> _Goal of the exercise_:
In the copy, every line of the material that follows must appear exactly, and no pictures should.

BEGIN Available data

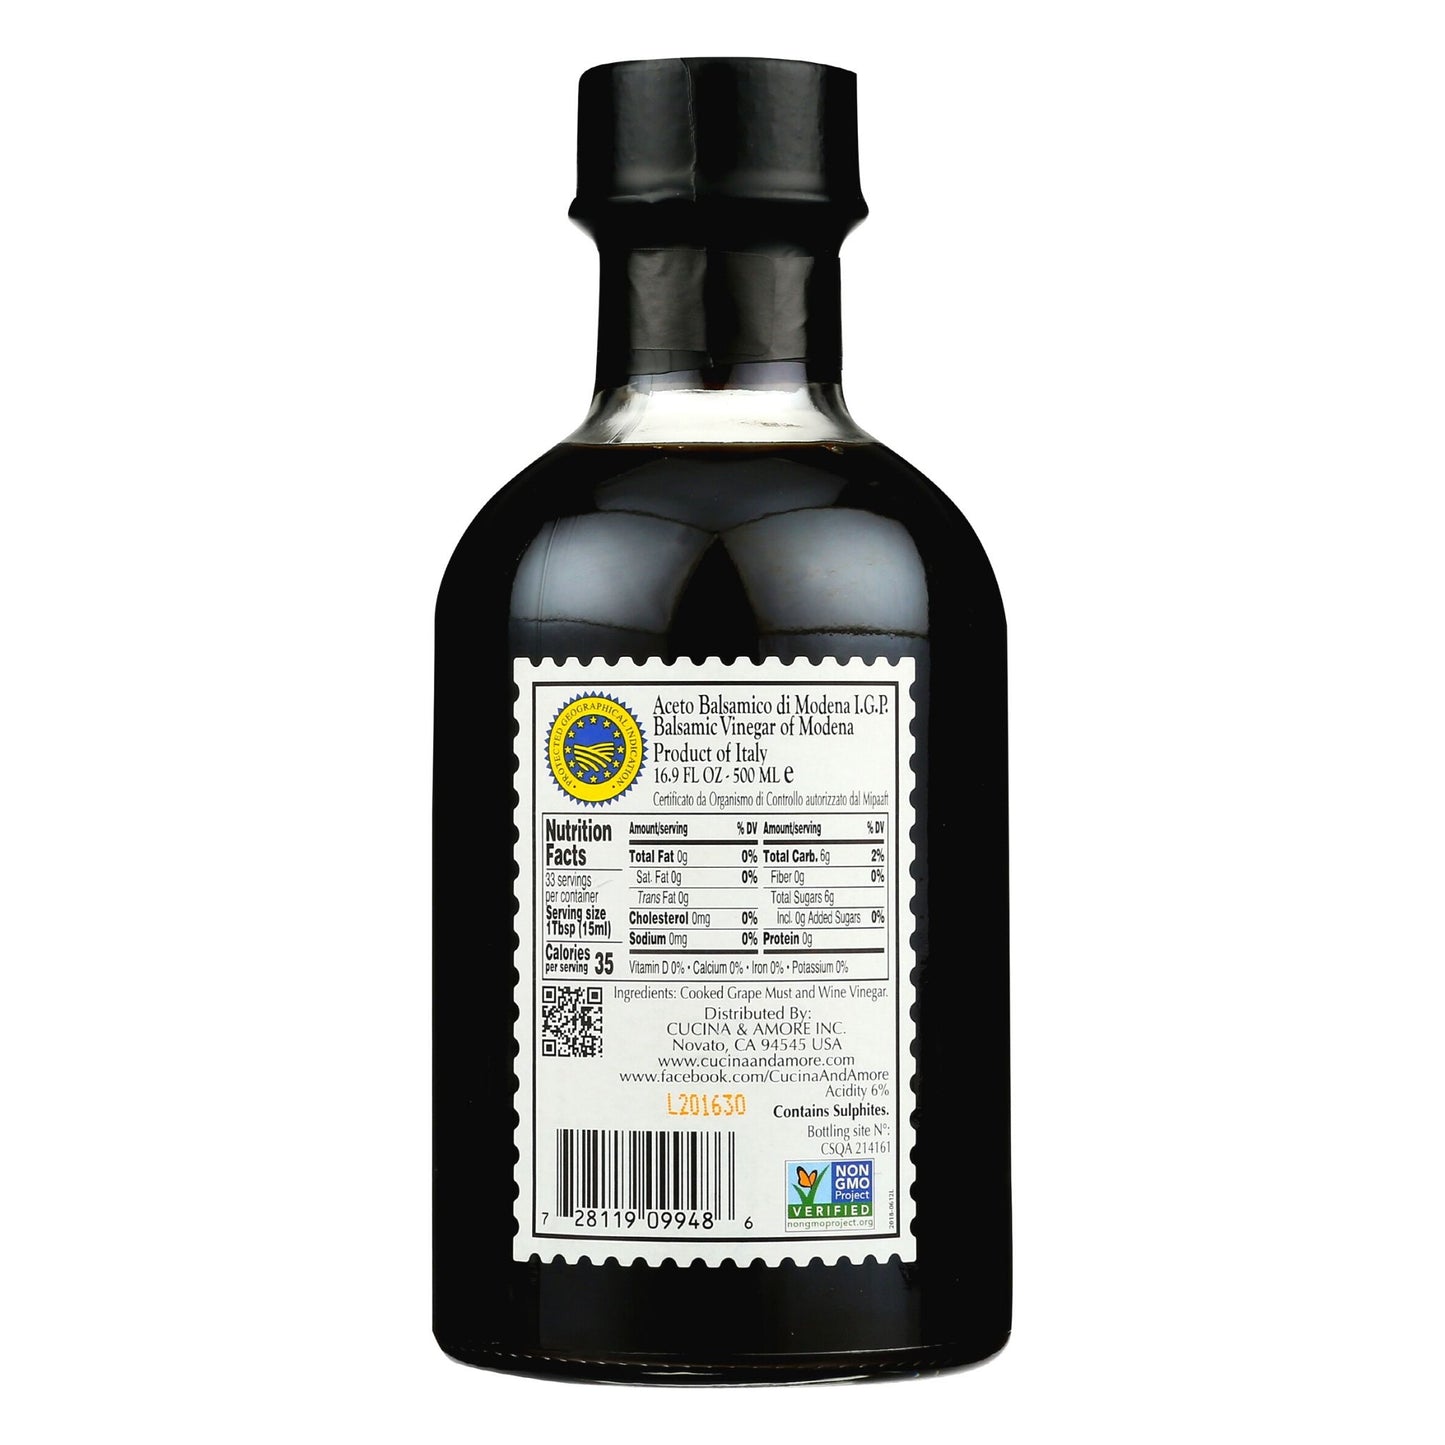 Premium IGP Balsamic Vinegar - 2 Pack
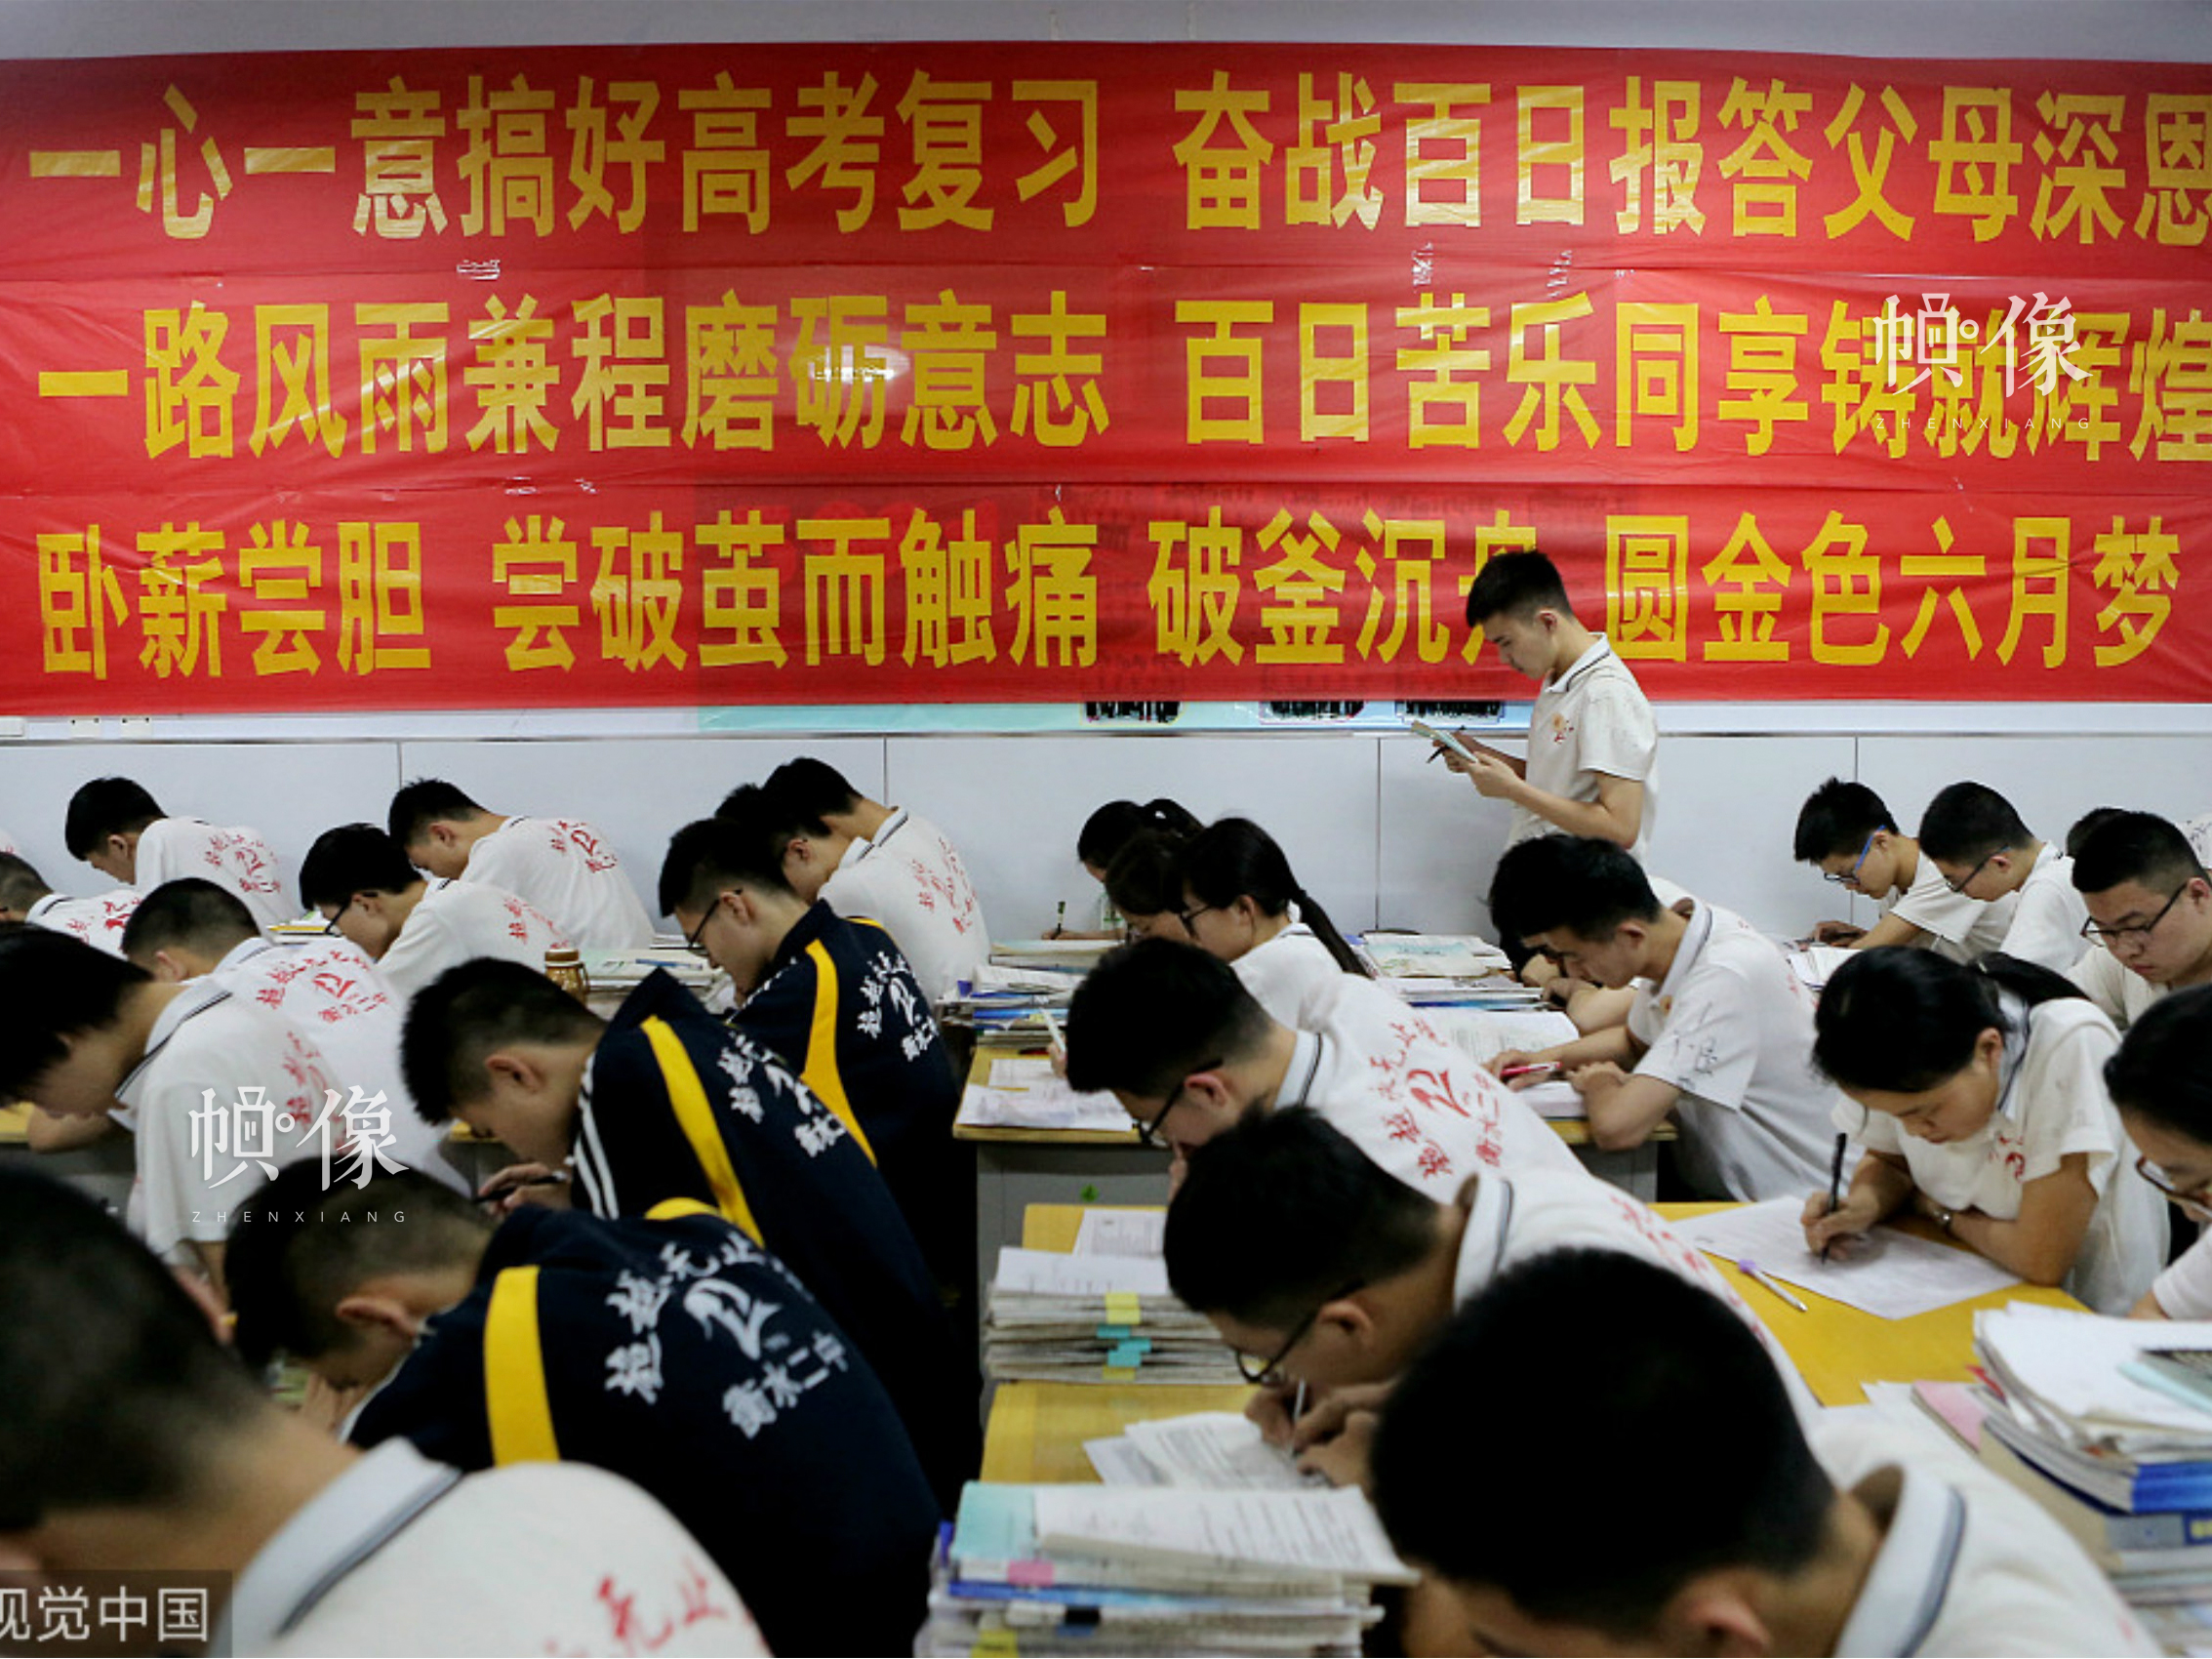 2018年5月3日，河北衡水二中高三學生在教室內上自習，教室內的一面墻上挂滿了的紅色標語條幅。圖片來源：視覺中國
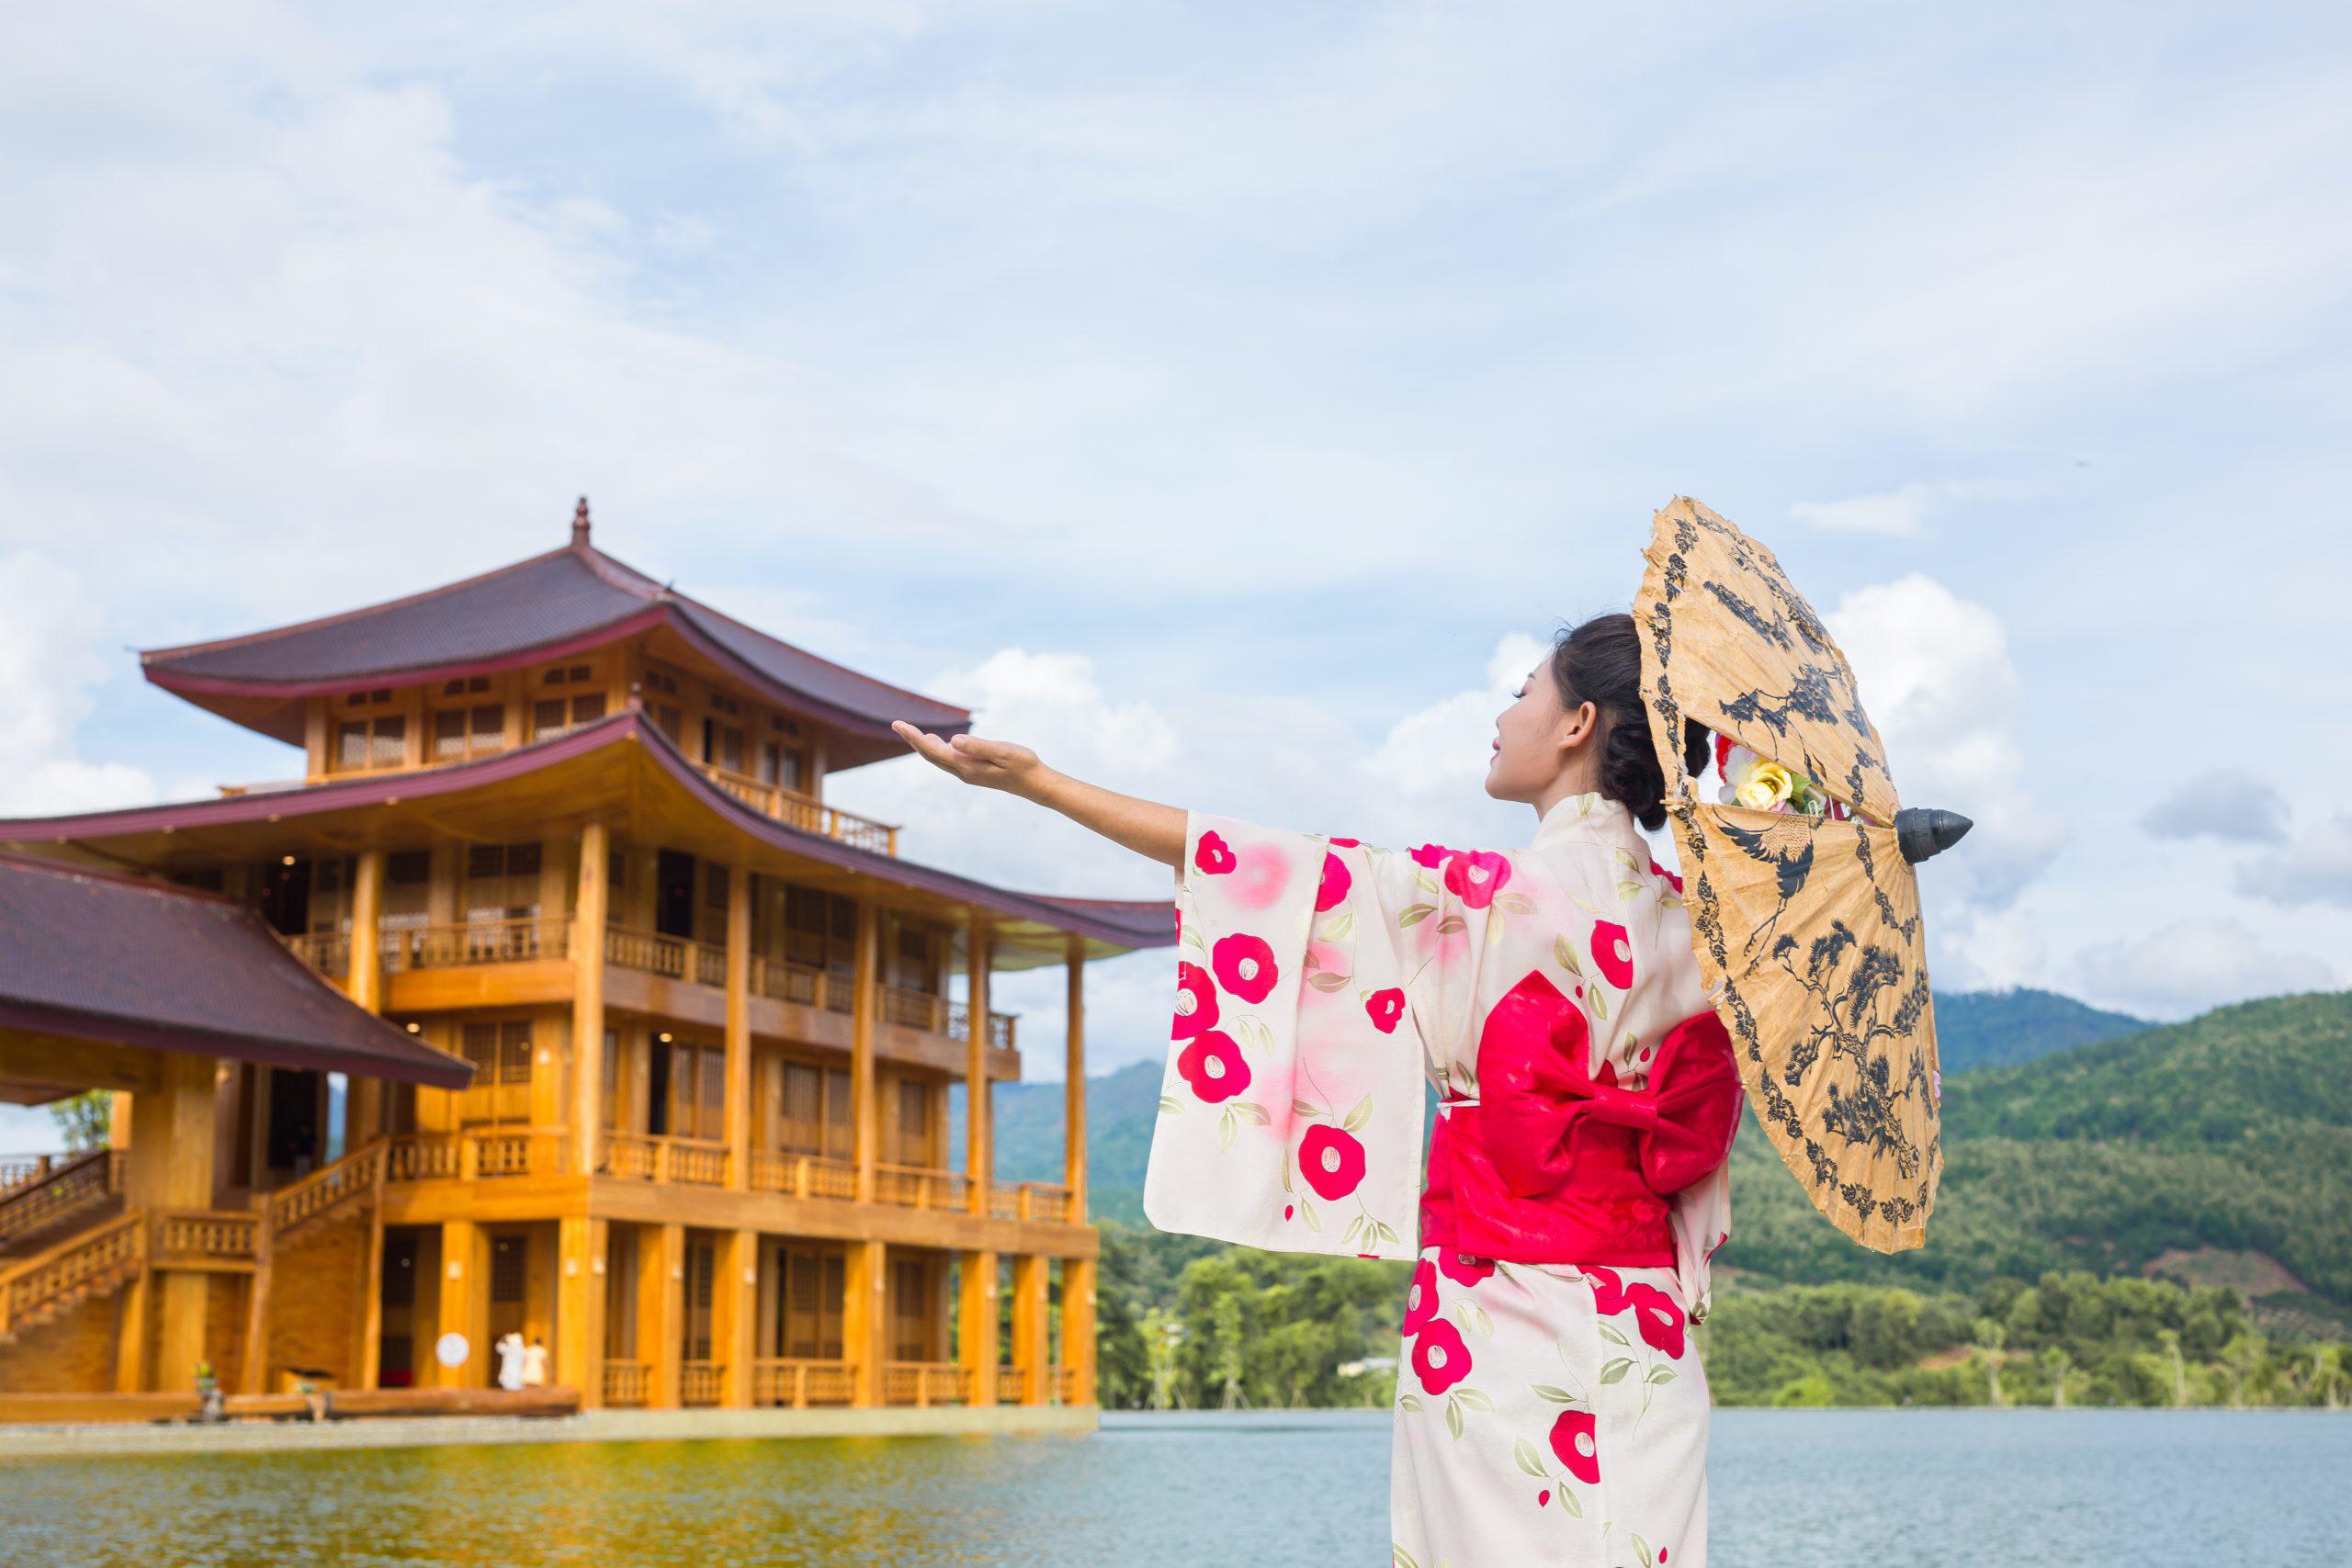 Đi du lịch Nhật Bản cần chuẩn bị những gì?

END Available data

> _Response to this task_:
 Premium IGP Balsamic Vinegar - 2 Pack
 2018年5月3日，河北衡水二中高三學生在教室內上自習，教室內的一面墻上挂滿了的紅色標語條幅。圖片來源：視覺中國
 Đi du lịch Nhật Bản cần chuẩn bị những gì?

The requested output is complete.